Sage - Die feindlichen Brüder

Die feindlichen Brüder
Quelle: Roland Todt GNU FDL

Sage

In der Burg Boppard wuchsen die Brüder Heinrich und Konrad aus dem Geschlecht der Beyer auf. Ihr Vater Heinrich hatte ein Waisenkind aus einer entfernt verwandten Rüdesheimer Familie namens Hildegard Brömser bei sich aufgenommen. Die drei Kinder wuchsen miteinander heran.

Heinrich und Konrad verliebten sich in Hildegard. Da Hildegard jedoch Konrad zu lieben schien, ließ Heinrich seinem Bruder den Vortritt und die beiden heirateten.

Damit das neue Paar und sein Heinrich ein Zuhause hatten, ließ der Vater auf der anderen Rheinseite auf zwei nah beieinander liegenden Hügeln zwei Burgen bauen, die heute als Sterrenberg und Liebenstein bekannt sind. Da Heinrich weiterhin unter Liebeskummer litt, entschloss er sich, sich den Kreuzzügen anzuschließen und ins „Heilige Land” zu ziehen.

Nach einiger Zeit erreichten das glücklich miteinander lebende Paar Nachrichten der Heldentaten Heinrichs im Morgenland. Konrad wollte nicht mehr untätig Zuhause sitzen. Er zog ebenfalls los um seinen Mut zu beweisen. Einige Zeit später kehrte Heinrich zurück und berichtete, dass Konrad nur kurz im Heiligen Land gewesen sei und dann nach Athen gereist sei. Hildegard und Heinrich zogen zusammen in die Burg Liebenstein ein um nicht alleine zu sein, bis Konrad zurückkehren sollte. Heinrich respektierte jedoch während der gesamten Zeit das heilige Band der Ehe.

Endlich kehrte auch Konrad zurück, hatte jedoch eine wunderschöne griechische Frau bei sich. Hildegard war tief gekränkt und wurde zu einer ernsten und traurigen Frau. Heinrich konnte diese Kränkung durch seinen Bruder nicht ertragen, ließ eine Mauer zwischen den Burgen erbauen und forderte Konrad zu einem Duell heraus.

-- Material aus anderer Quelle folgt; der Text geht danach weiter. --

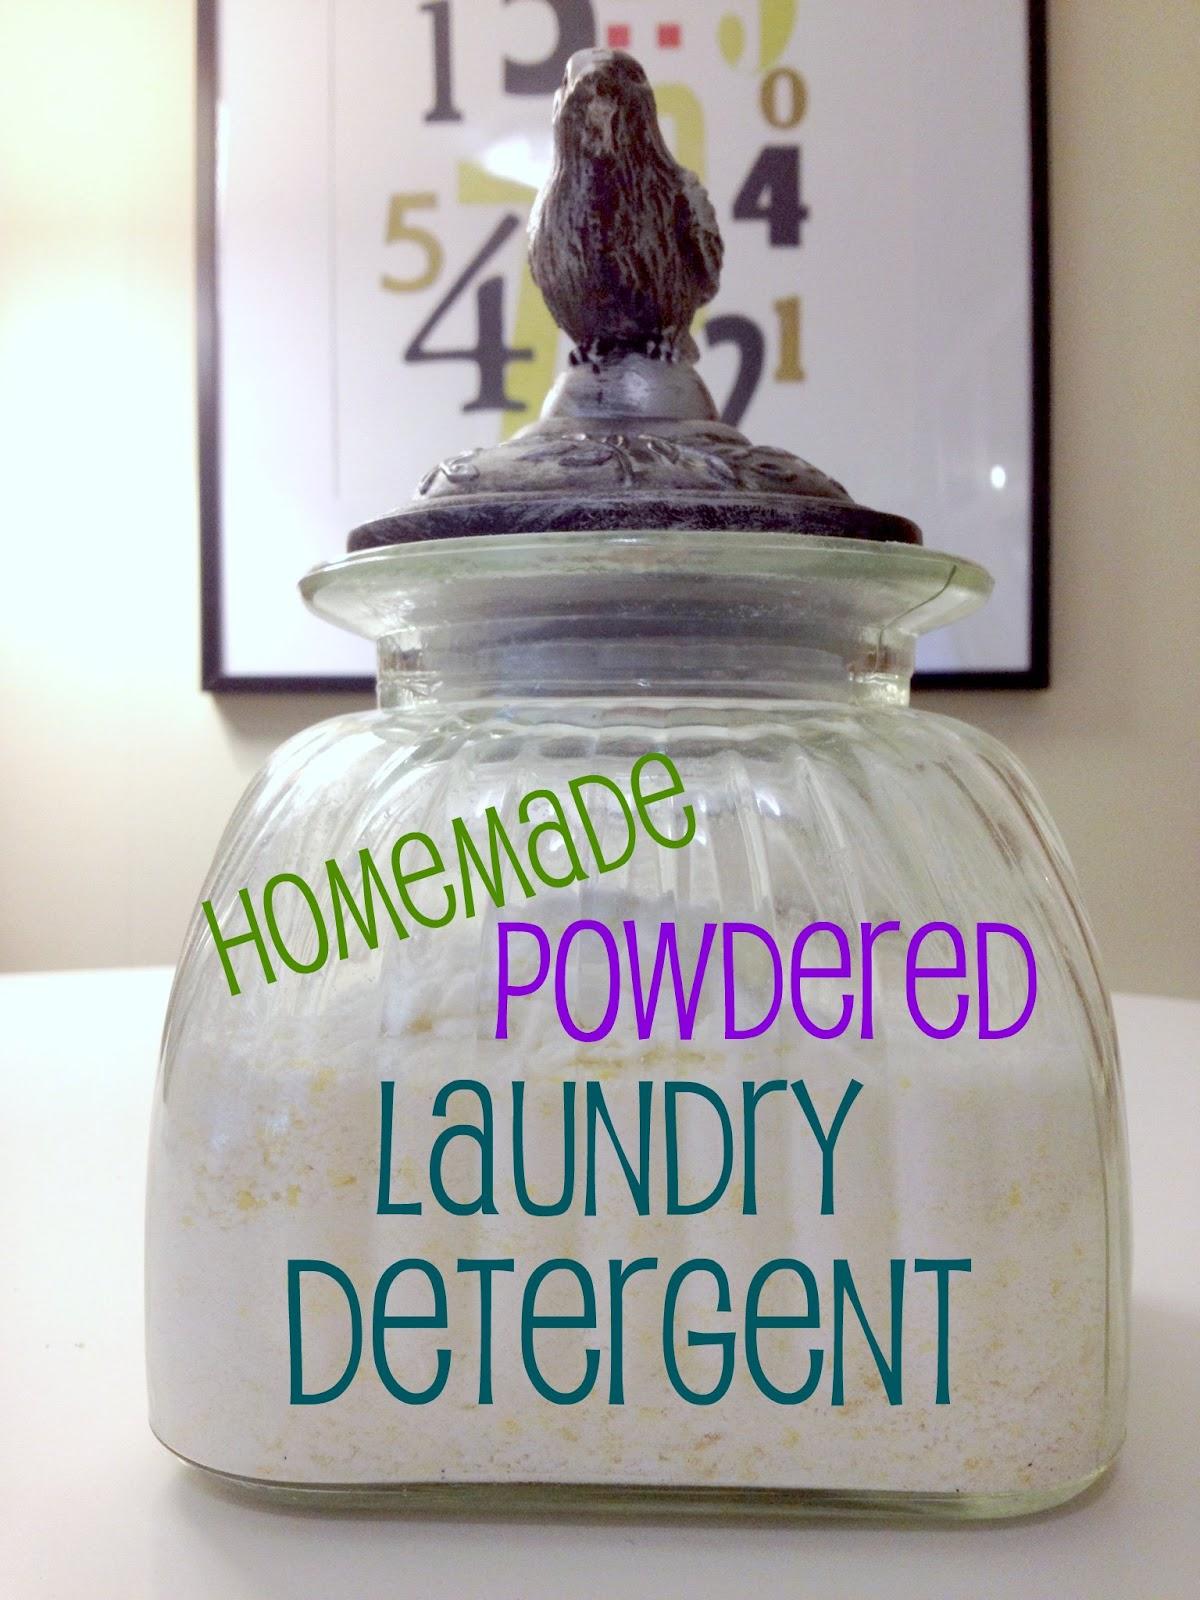 Homemade powdered laundry detergent car interior design

Als das Duell stattfinden sollte, trat Hildegard zwischen die Brüder und bat sie nicht miteinander zu kämpfen. Sie würde indes dem Kloster Marienberg beitreten und somit nicht mehr zwischen den Brüdern stehen. Heinrich und Konrad legten daraufhin ihren Streit bei, Hildegard ging ins Kloster und Heinrich zog sich auf Liebenstein zurück.

Auf Burg Sterrenberg wurden wilde Feste gefeiert, doch Konrad fehlte bald der Kontakt zu seinem Bruder. Bald darauf kam Konrad zu Heinrich und erzählte ihm, dass die Griechin ihn wegen eines anderen Ritters verlassen hatte. Heinrich machte Konrad keinerlei Vorwürfe und sie schlossen wieder Freundschaft.

Nach wenigen Jahren starb Konrad und Heinrich trat ins Kloster Bornhofen ein.

Heinrich und Hildegard sollen am gleichen Tag gestorben sein und so sollen die Marienberger Totenglocke und die Bornhofener Grabesglocke zur gleichen Zeit geschlagen haben.